● **COLLECTED MATERIAL**:
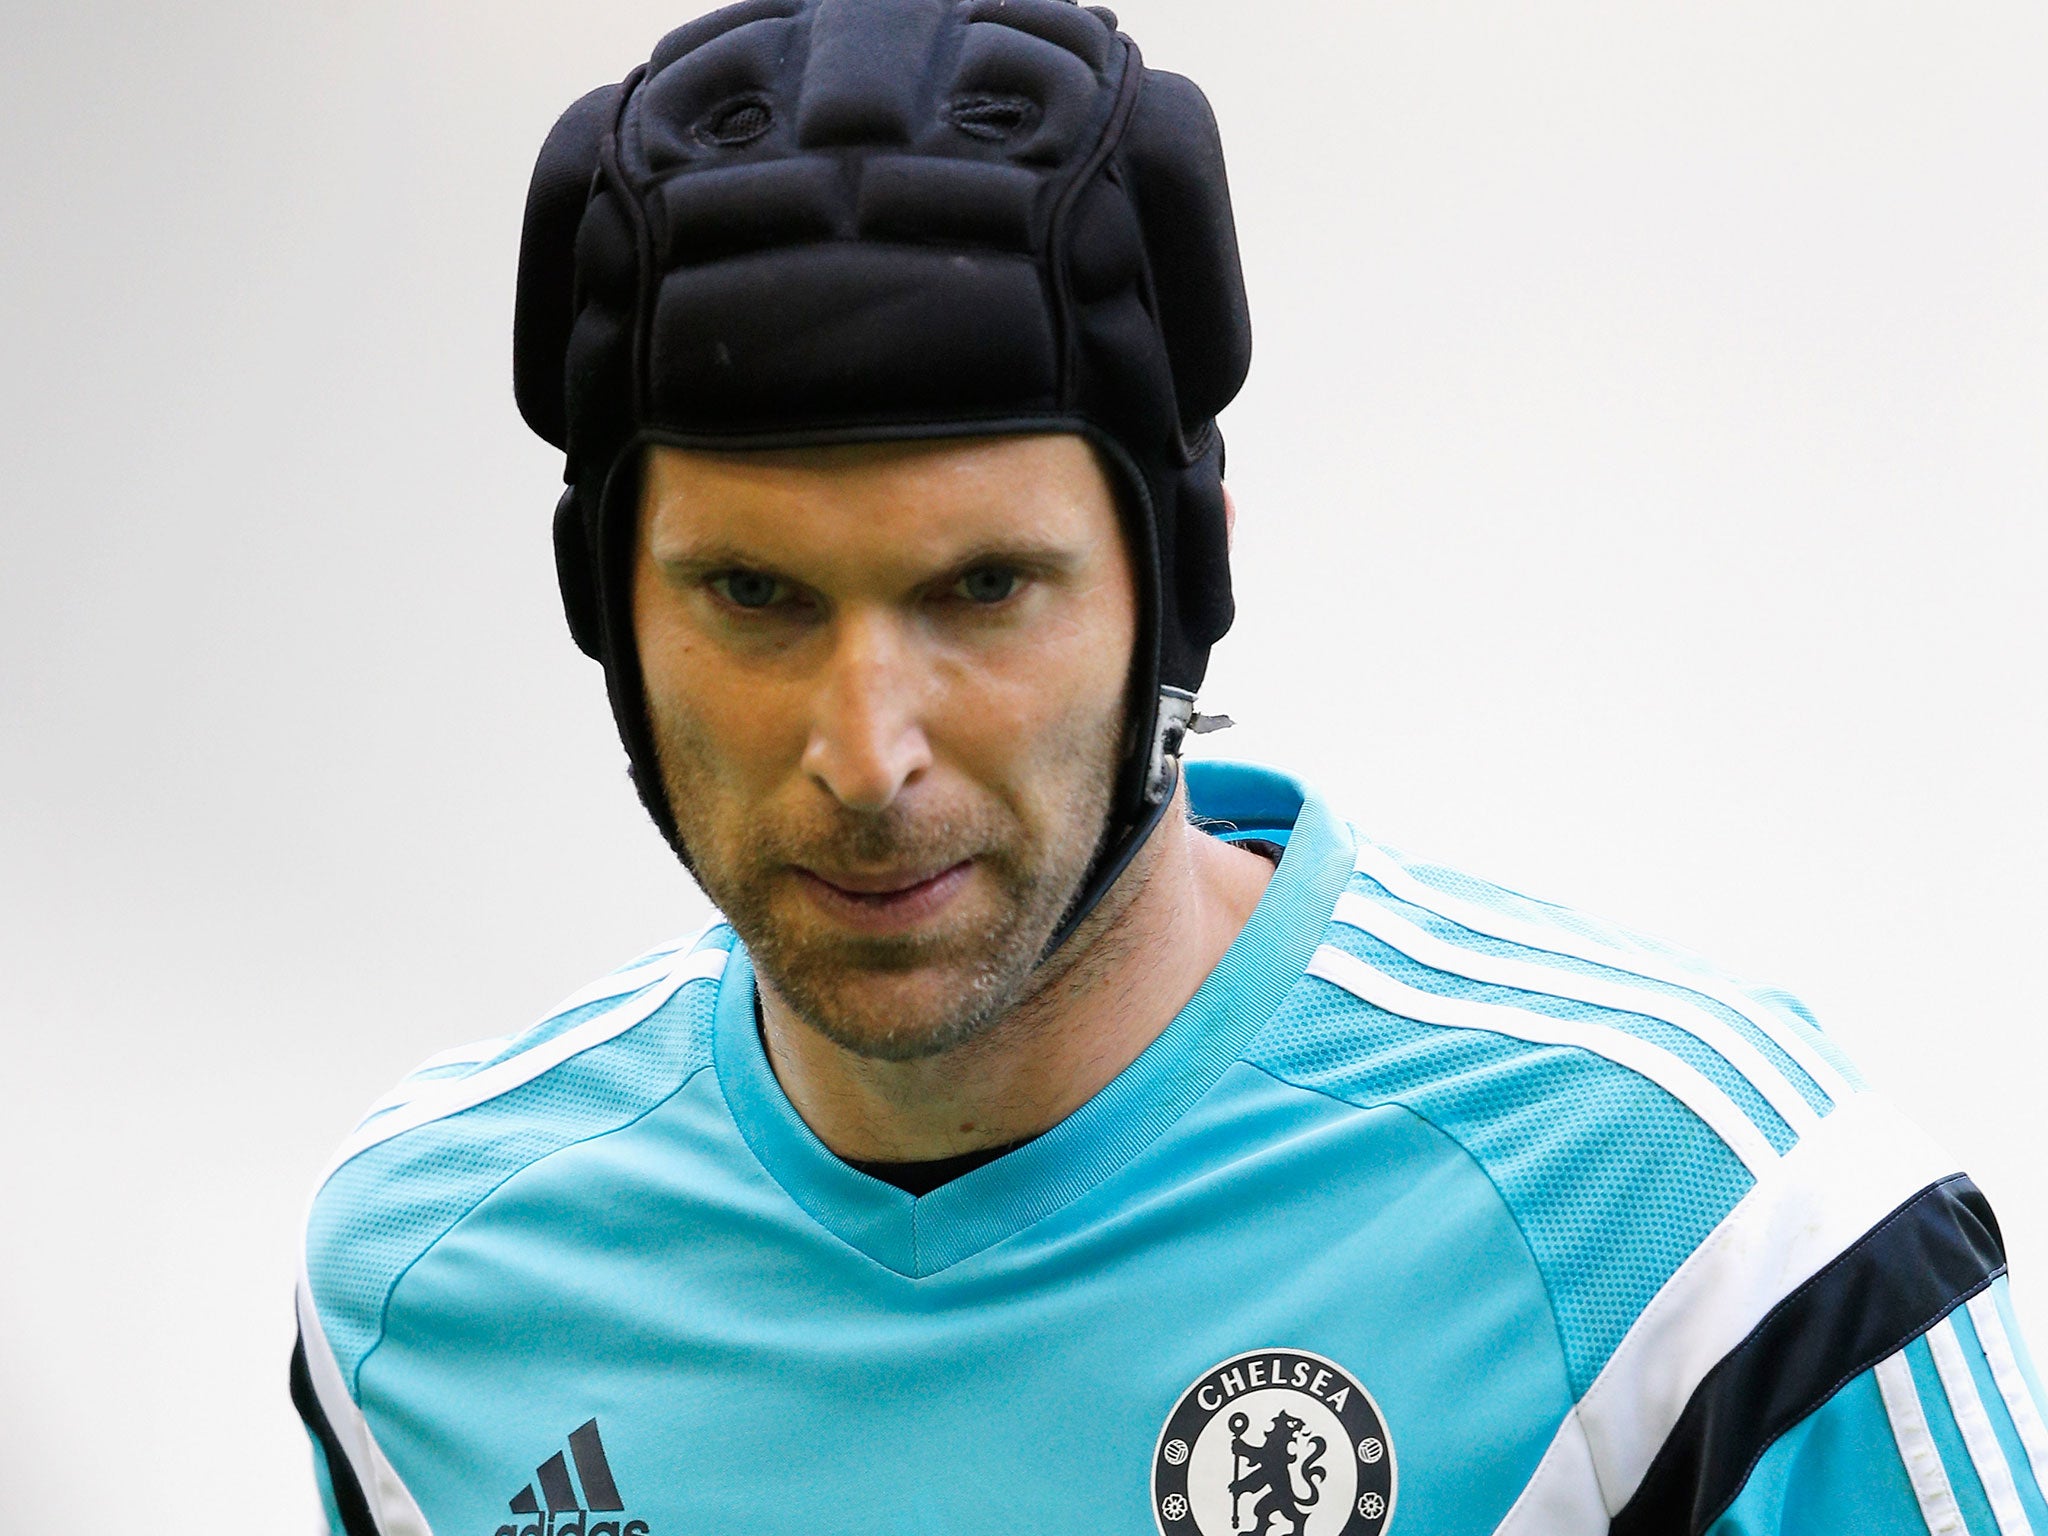 Petr Cech has lost his place to Thibaut Courtois
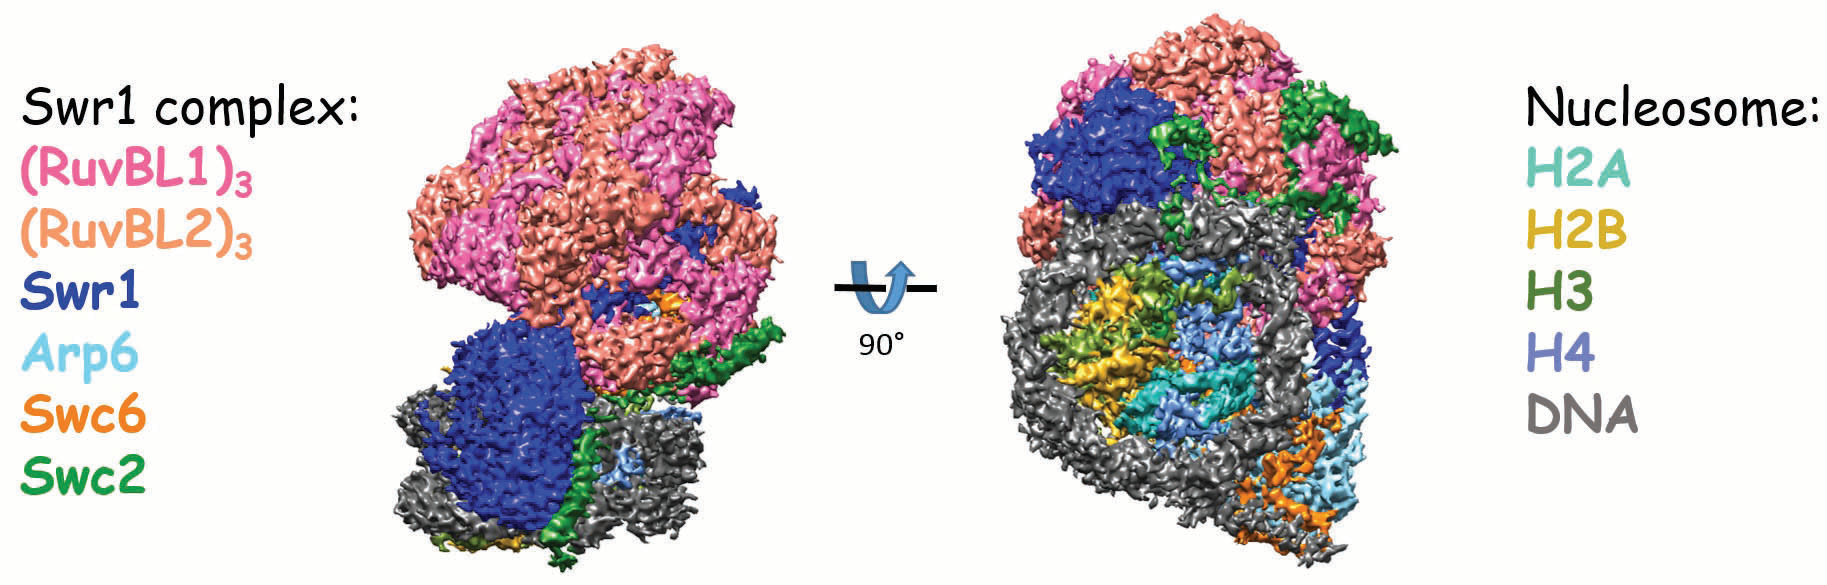 Figure 1: Overview of cryo-EM 3D map of SWR1:nucleosome complex at 3.6 Å resolution.
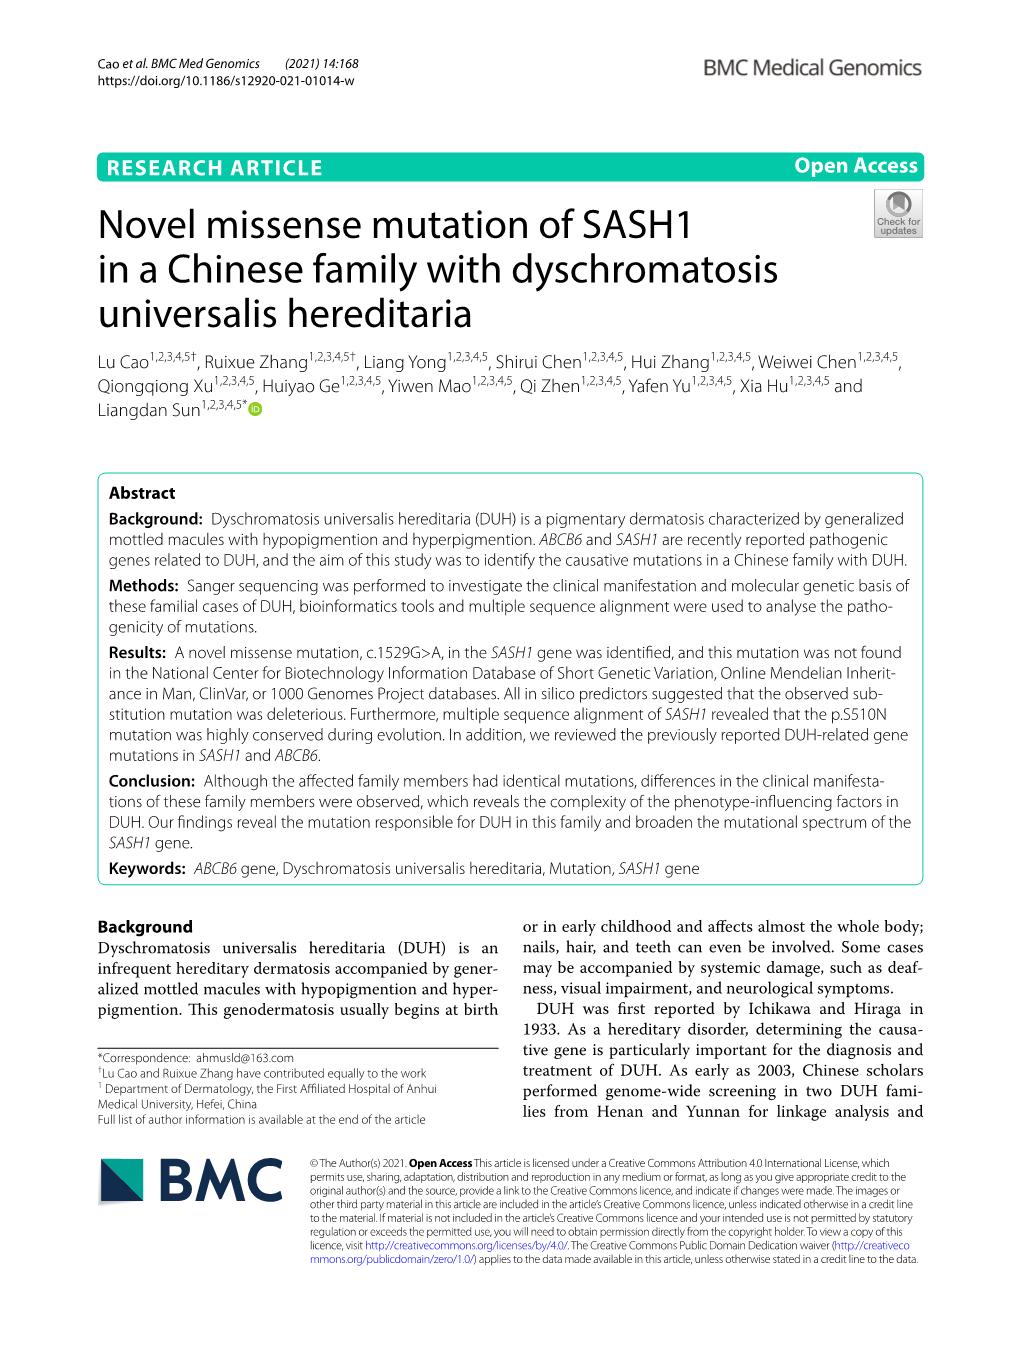 Novel Missense Mutation of SASH1 in a Chinese Family With

● **YOUR ASSIGNMENT**: Would you copy out all the data exactly, without the images?

● **RESULT**:
 Petr Cech has lost his place to Thibaut Courtois
 Figure 1: Overview of cryo-EM 3D map of SWR1:nucleosome complex at 3.6 Å resolution.
 Novel Missense Mutation of SASH1 in a Chinese Family With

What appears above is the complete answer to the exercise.